- Так и летают? – Поинтересовался Балабост, глядя на собеседника поверх очков. – И ничего нельзя сделать?
- Они разгоняются за пределами воздушного пространства СССР, на трех скоростях звука «чиркают» по краю, не забираясь особенно далеко, - и снова уходят за пределы нашего пространства. Красноярский радар – далеко, он прикрывает Западную Сибирь и Урал. Строить что-то подобное в Оймяконе, - так не много ли чести, ежели в ответ на случайное хамство? Вешать на постоянное дежурство КПВБ «Ромашка» - значит собственными руками отдать им такие сведения, о которых они могли только мечтать…
- Это гнилые разговоры, - Генеральный грозно насупил свои знаменитые на весь мир брови, - а если они с бомбой пожалуют?
- Да что вы! Там, конечно, есть кое-что, но все-таки не настолько, чтобы жертвовать внезапностью... Совершенно исключено.
- Ну, раз ты говоришь… Но острастку дать надо бы!
- Острастку надо бы.
- А есть – чем?
- Чем – как раз появилось, но только вот секре-етно все.
- Секретность – секретностью, а хамство терпеть тоже нельзя. А то окончательно обнаглеют. По носу хорошо бы щелкнуть.
- По носу хорошо бы. Исключительно для их же собственного блага.
- Исключительно для. А то однажды вот так зарвутся, по глупости, и щелчком дело не кончится. А как щелкать-то будем?
- Леони-ид Касьянович! Вы же фронтовик. Если не знаешь, как сделать, нужно подозвать сержанта и приказать, чтоб сделал. И его дело – как он будет выполнять боевой приказ, а наше дело – проконтролировать и вздрючить, если что не так. Как раз для таких вещей и созданы подчиненные.
- А в данном случае мы того сержанта по выполнении накажем.
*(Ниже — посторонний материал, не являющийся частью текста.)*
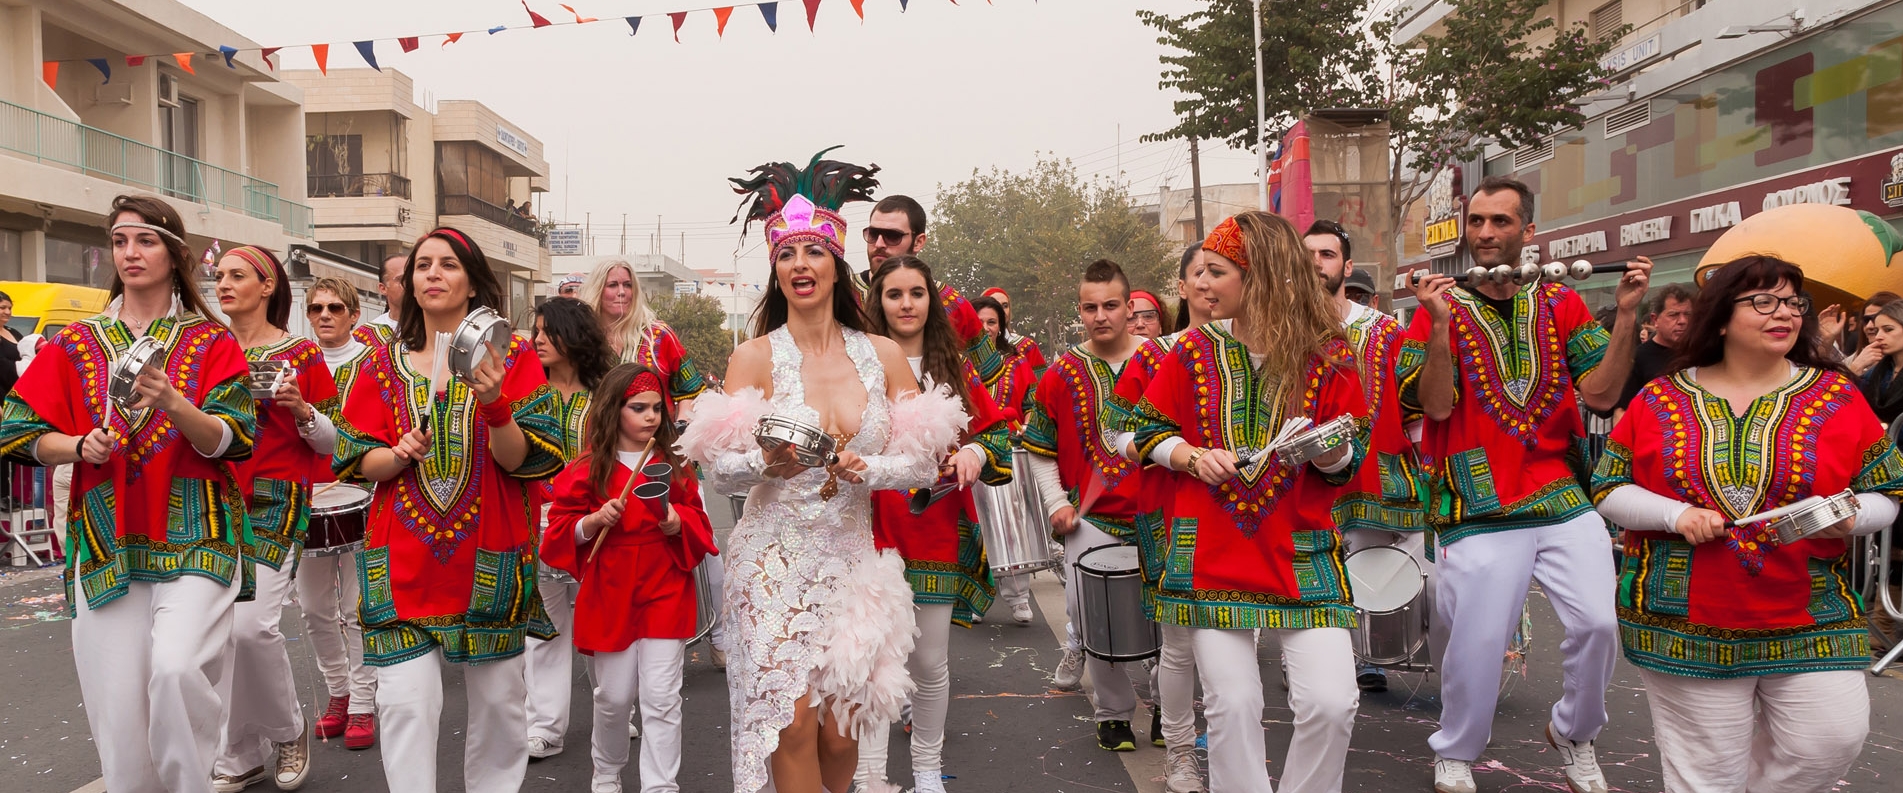 Limassol Carnival Festival 2017

- О! И еще как роскошно! Ему все награжденные позавидуют.
- Это вы так думаете, товарищ Седьмак, что окончательное решение о серийном производстве уже принято. Вам кто-то сказал об этом официально? Нет? Вот видите!
- Да у нас уже производство готово на семьдесят процентов! Что вы говорите такое?
Авиаконструктор испытывал ужас, сравнимый с тем, который посещает нас в кошмарном сне, когда бедная заблудившаяся душа спящего оказывается один на один с опасностью, которую нельзя отвратить и невозможно – бороться. Сердце – давило, как тогда, перед инфарктом.
- У нас были свои причины создать такие условия, чтобы работы вашего КБ и КБ Миграяна шли совершенно независимо, без всякого обмена информацией, которую мы сочли… излишней. Так что вы только думаете, что в курсе всех их достижений. А это не так. Так что решение только будет принято в зависимости от результатов последнего испытания. Того, о котором я вам говорил.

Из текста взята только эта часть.